▶ **Try it**: Copy the data below exactly, omitting any picture it contains.

▶ **Data extract**:
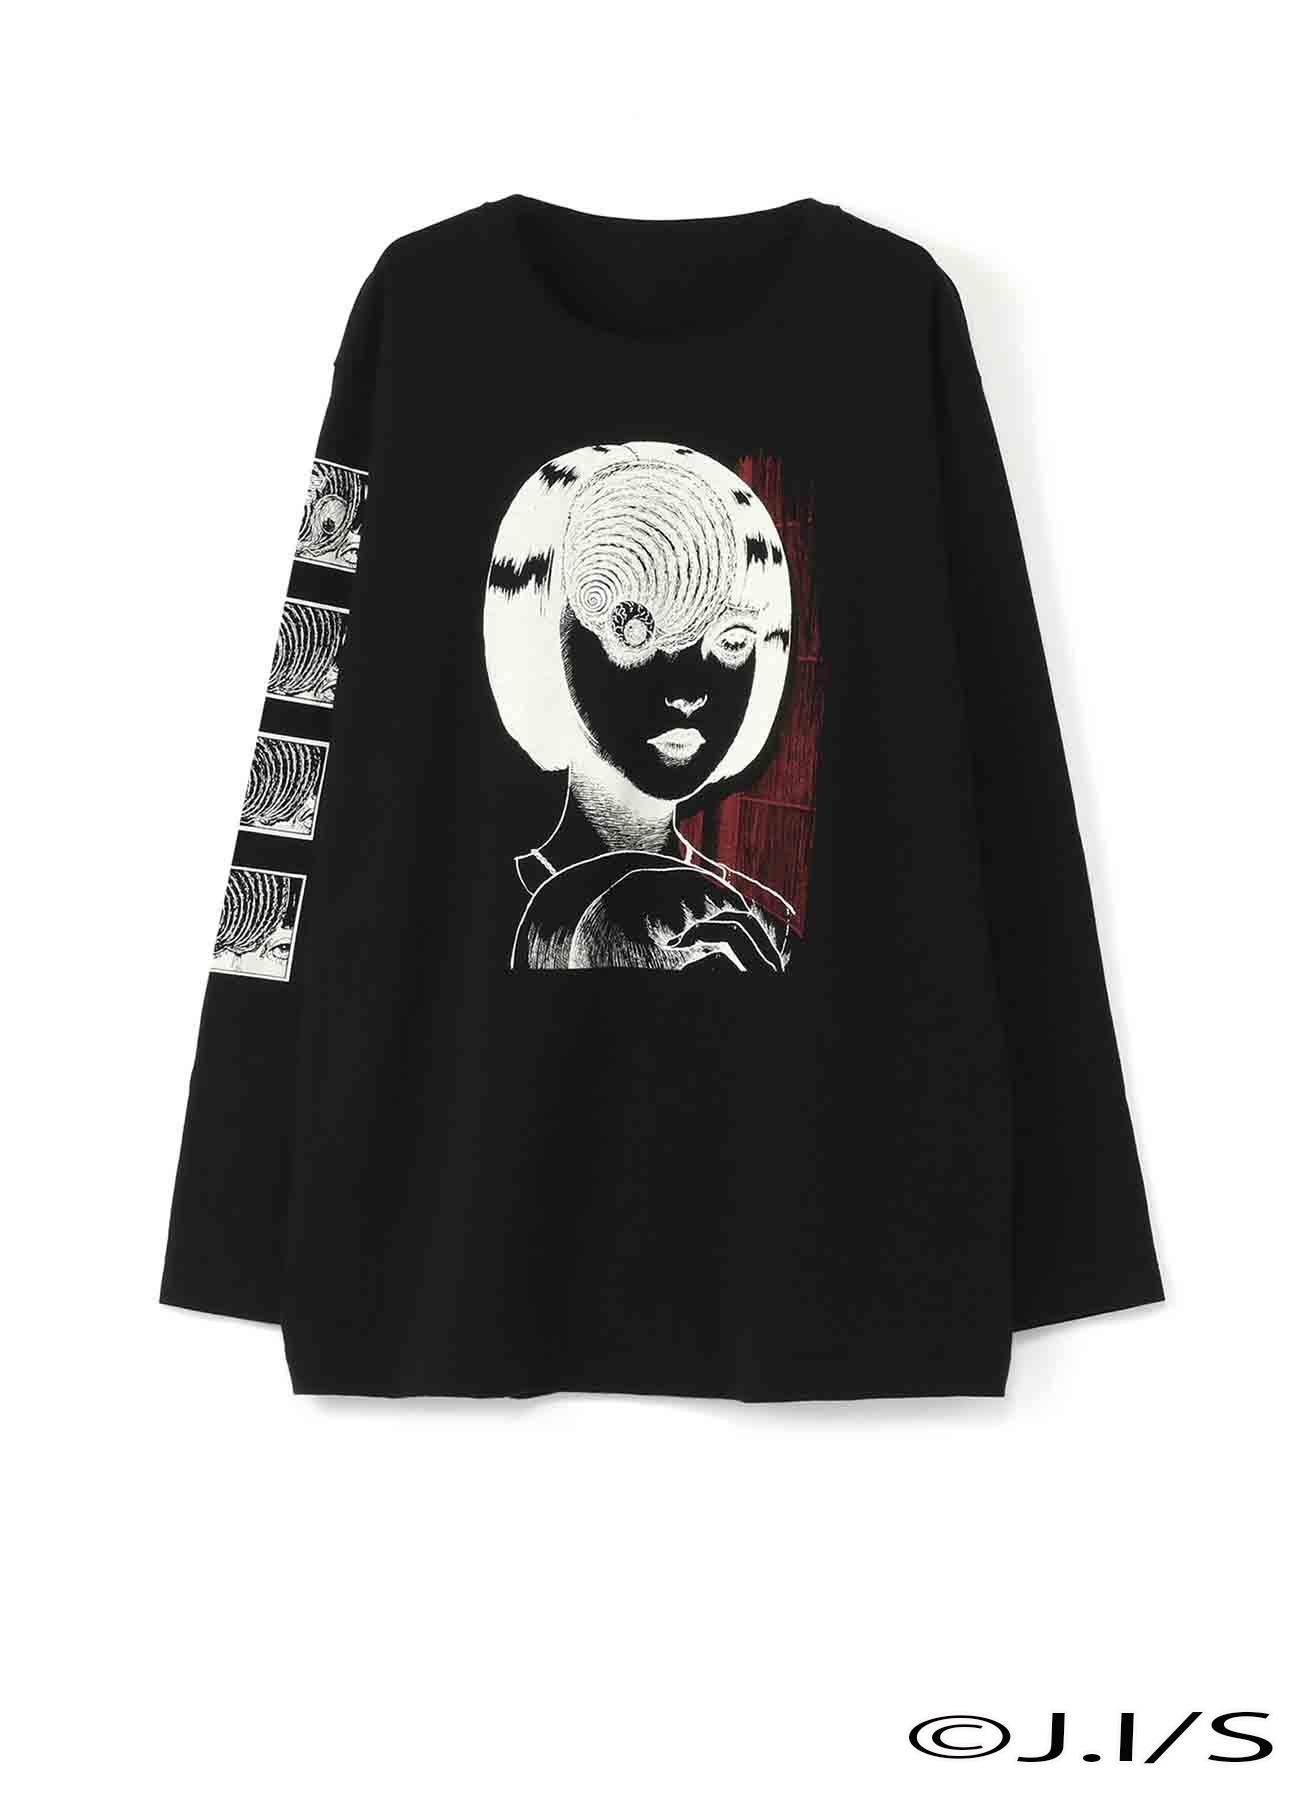 20/CottonJersey Uzumaki Azami on the Forehead LongSleeveTshirt
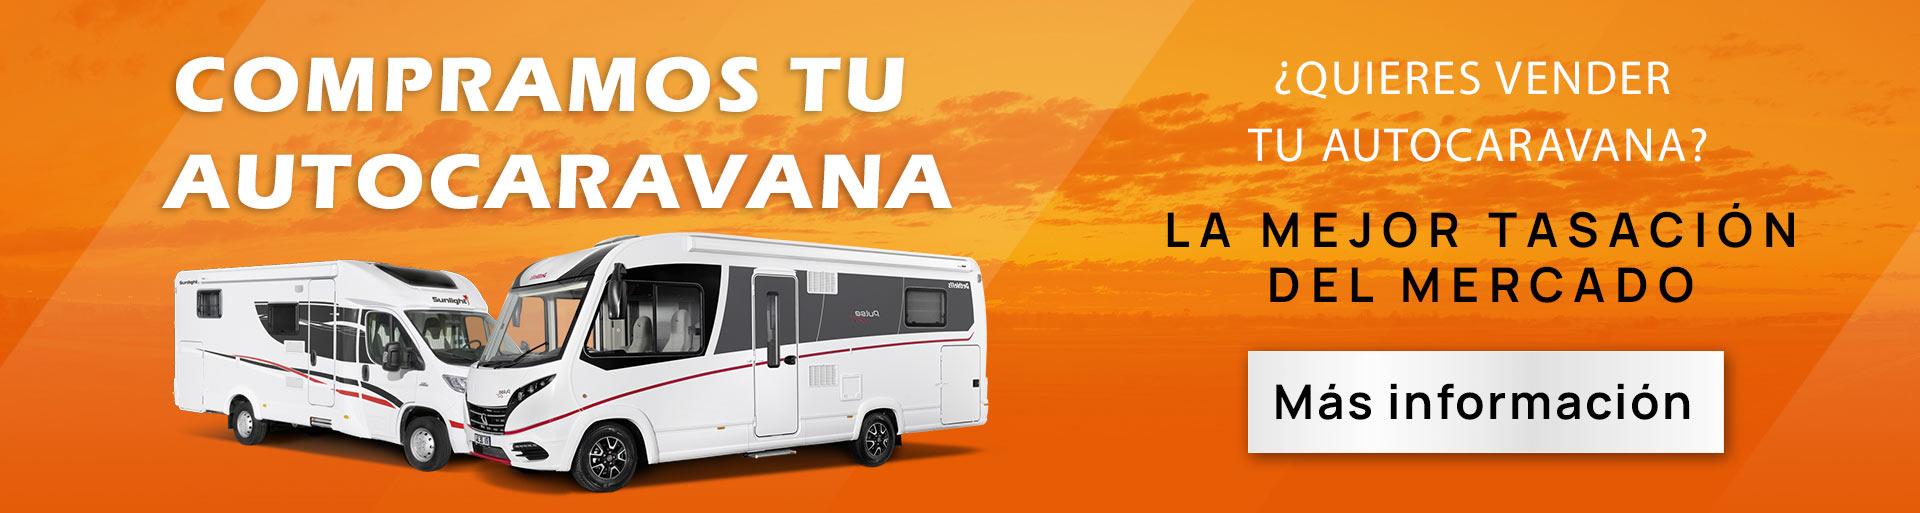 banner-home-compramos-tu-autocaravan_opti
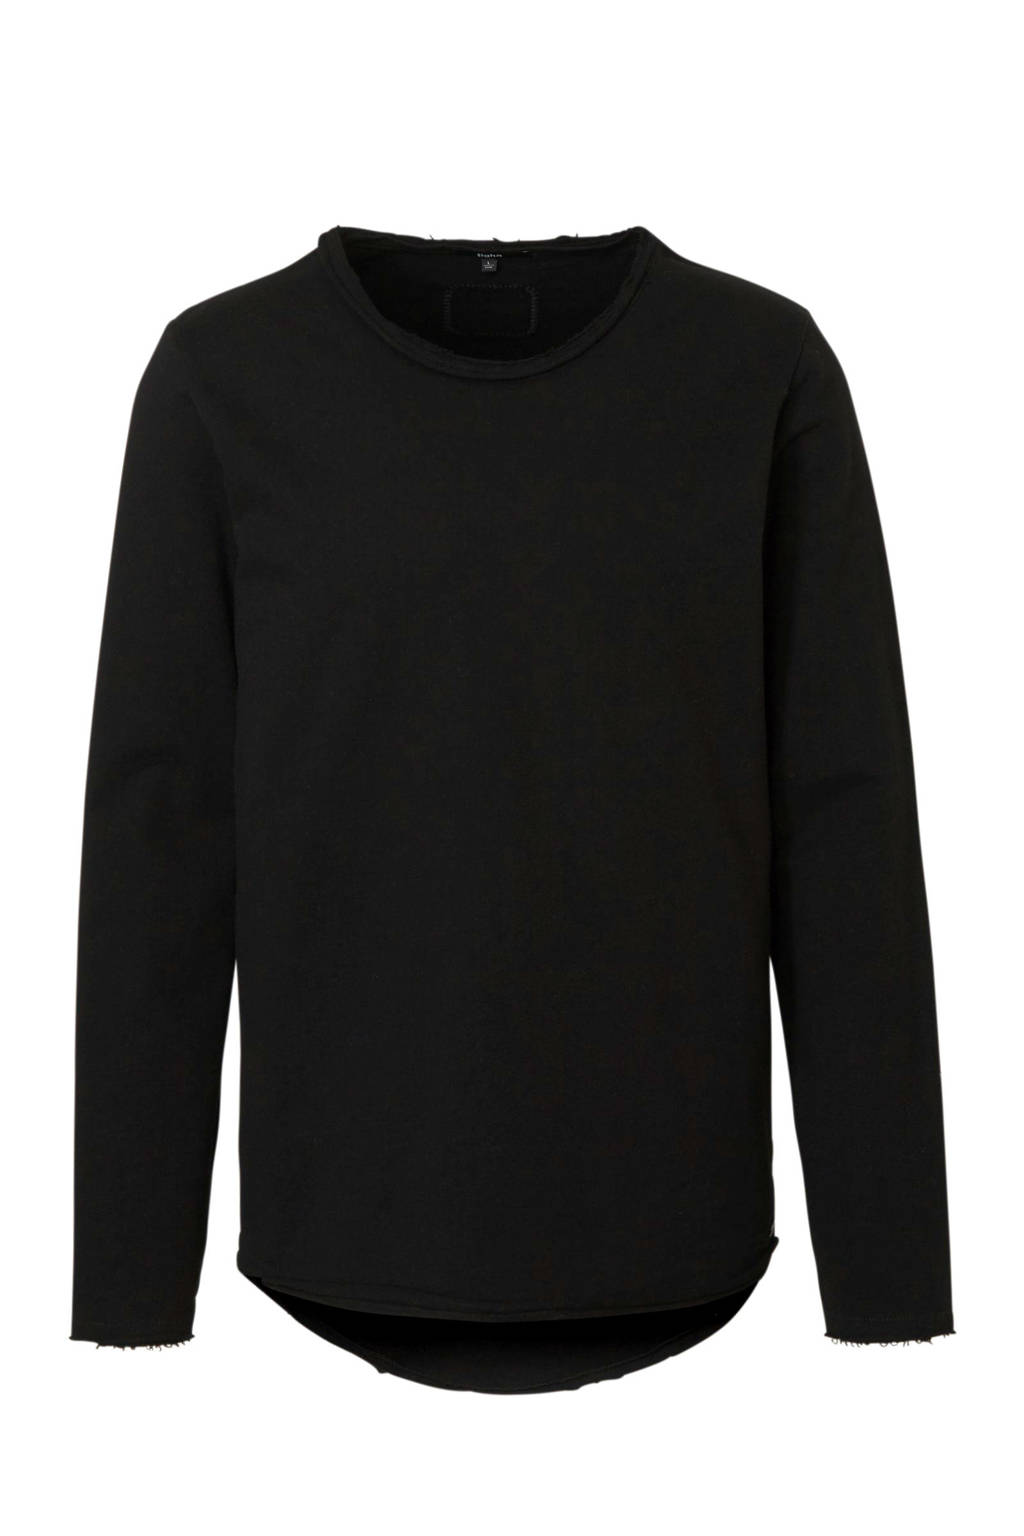 Tigha trui Milo zwart, Zwart

▶ **Written response**:
 20/CottonJersey Uzumaki Azami on the Forehead LongSleeveTshirt
 banner-home-compramos-tu-autocaravan_opti
 Tigha trui Milo zwart, Zwart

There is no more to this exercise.